INSTRUCTIONS FOR THE TASK:
All of the data must be written out verbatim, with pictures excluded.

DATA BLOCK:
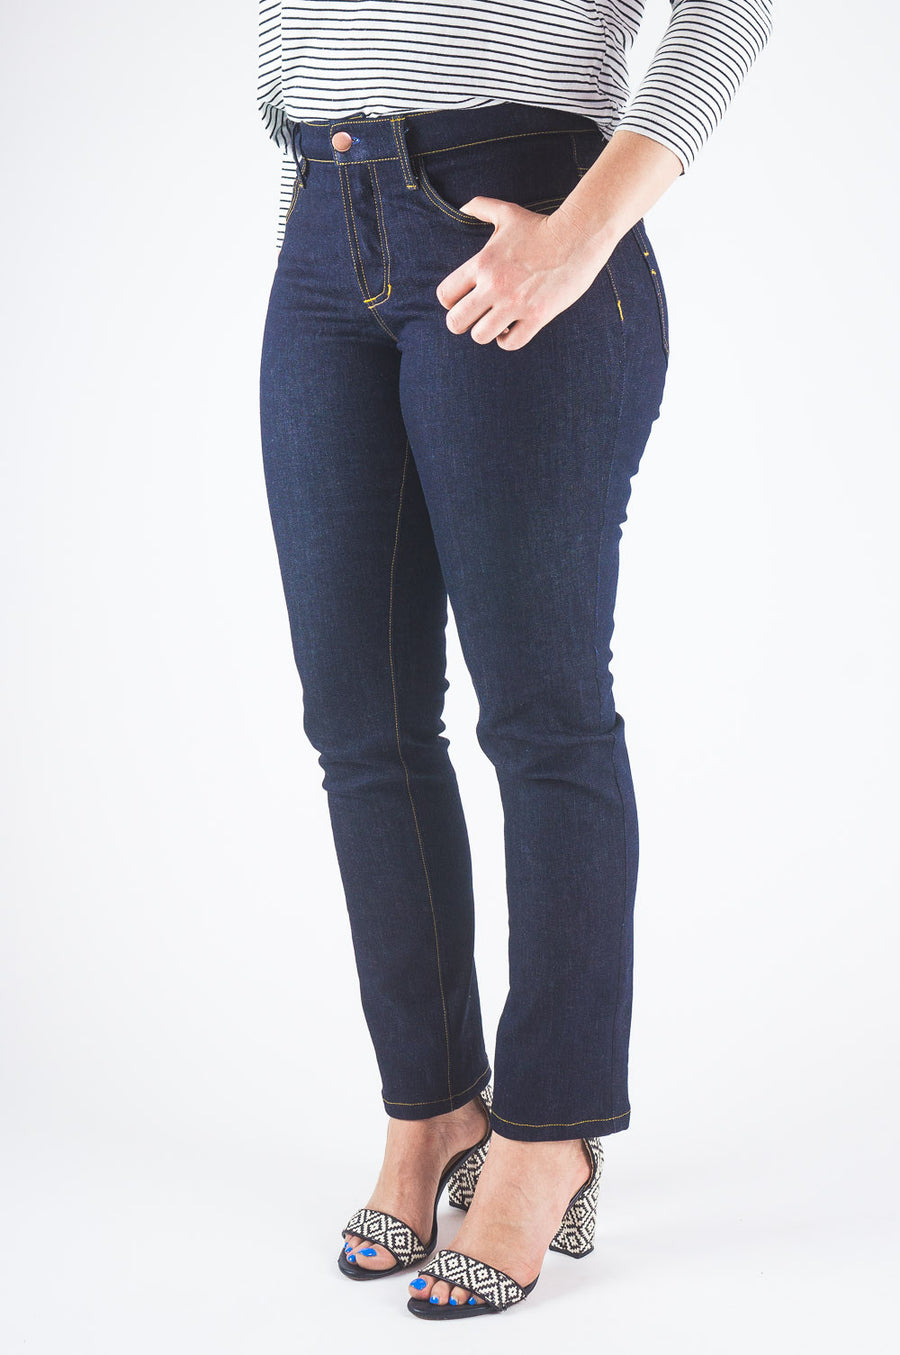 Ginger Jeans Pattern – Closet Core
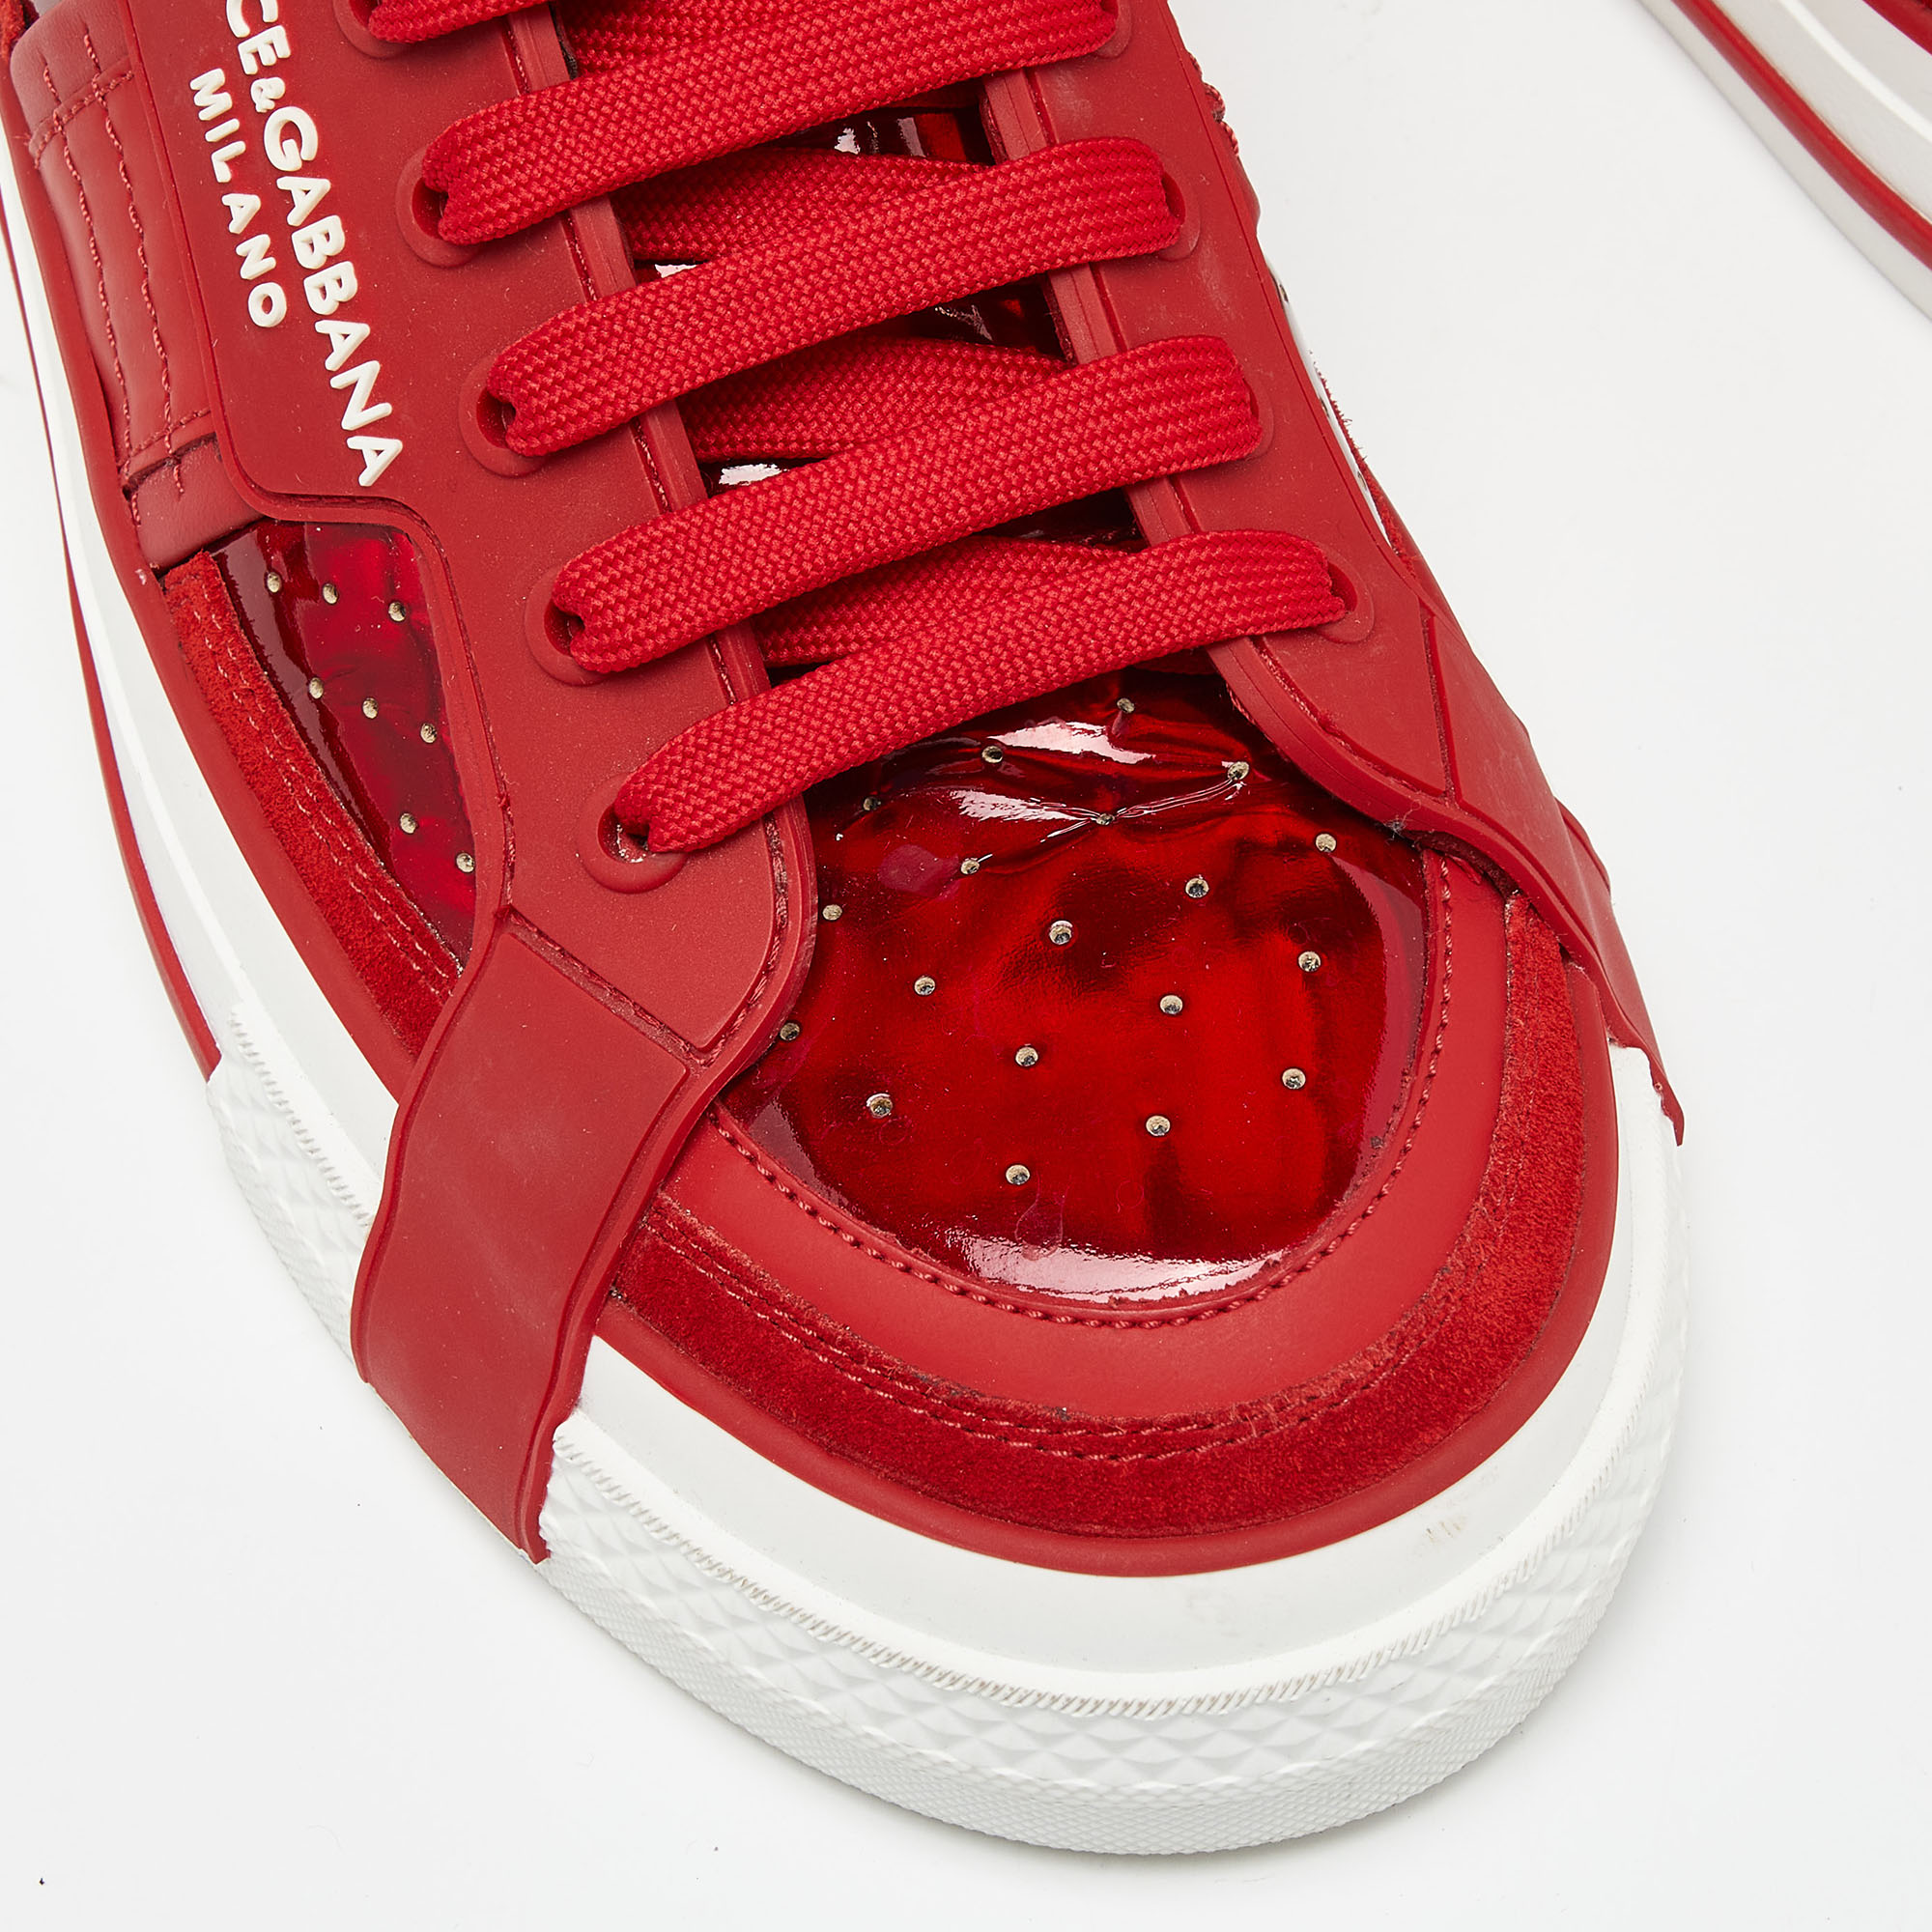 Dolce & Gabbana Red Leather And PVC Custom 2.Zero Sneakers Size 42.5
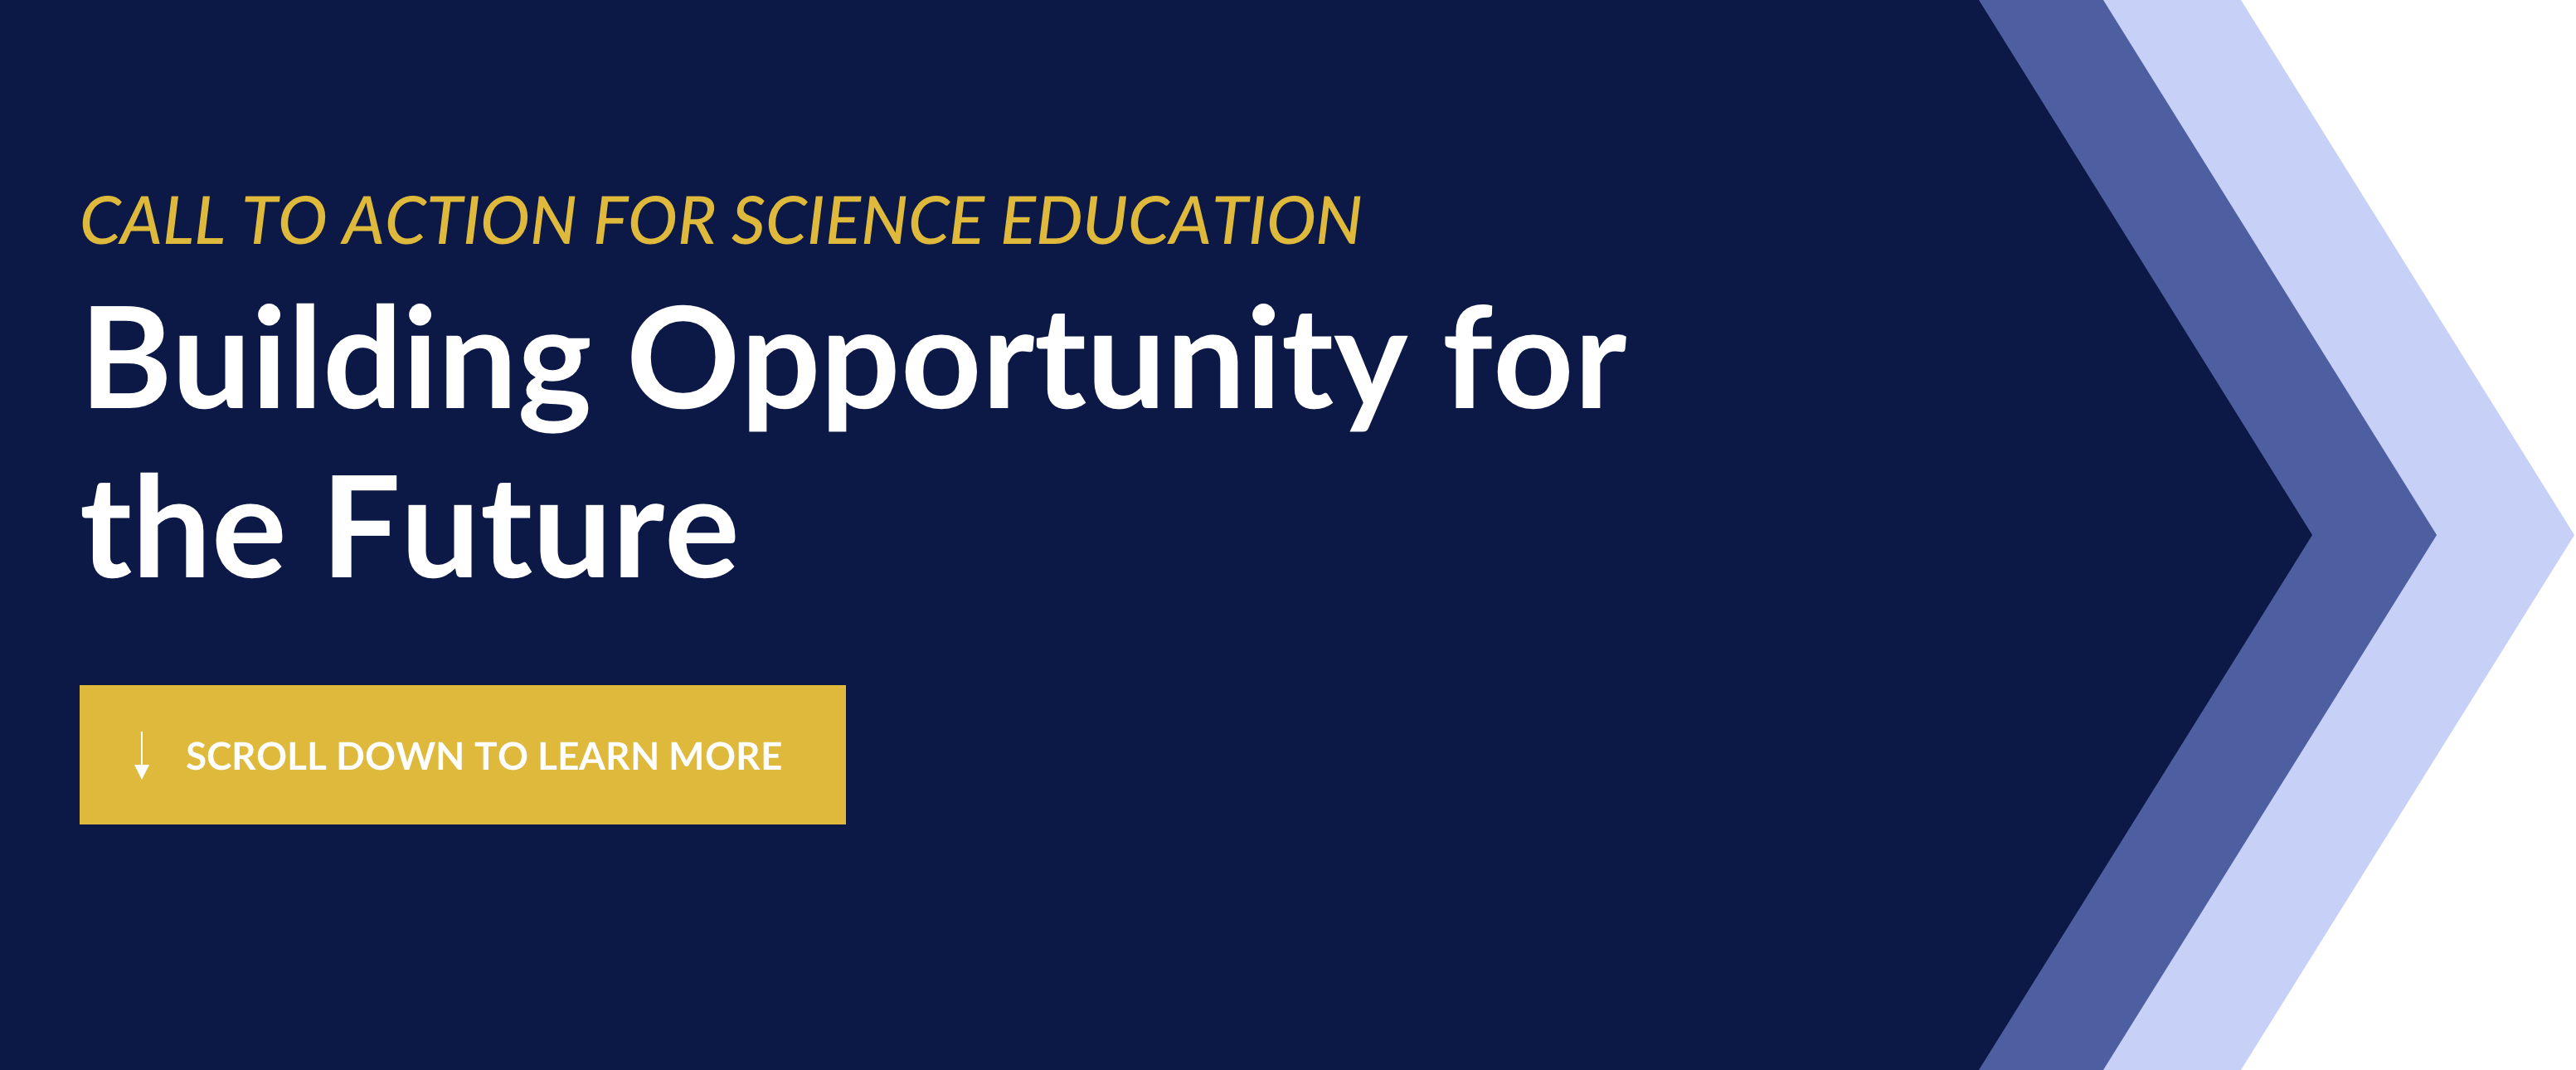 Title: Call to Action for Science Education Building Opportunity for the Future

RESULT OF THE TASK:
 Ginger Jeans Pattern – Closet Core
 Dolce & Gabbana Red Leather And PVC Custom 2.Zero Sneakers Size 42.5
 Title: Call to Action for Science Education Building Opportunity for the Future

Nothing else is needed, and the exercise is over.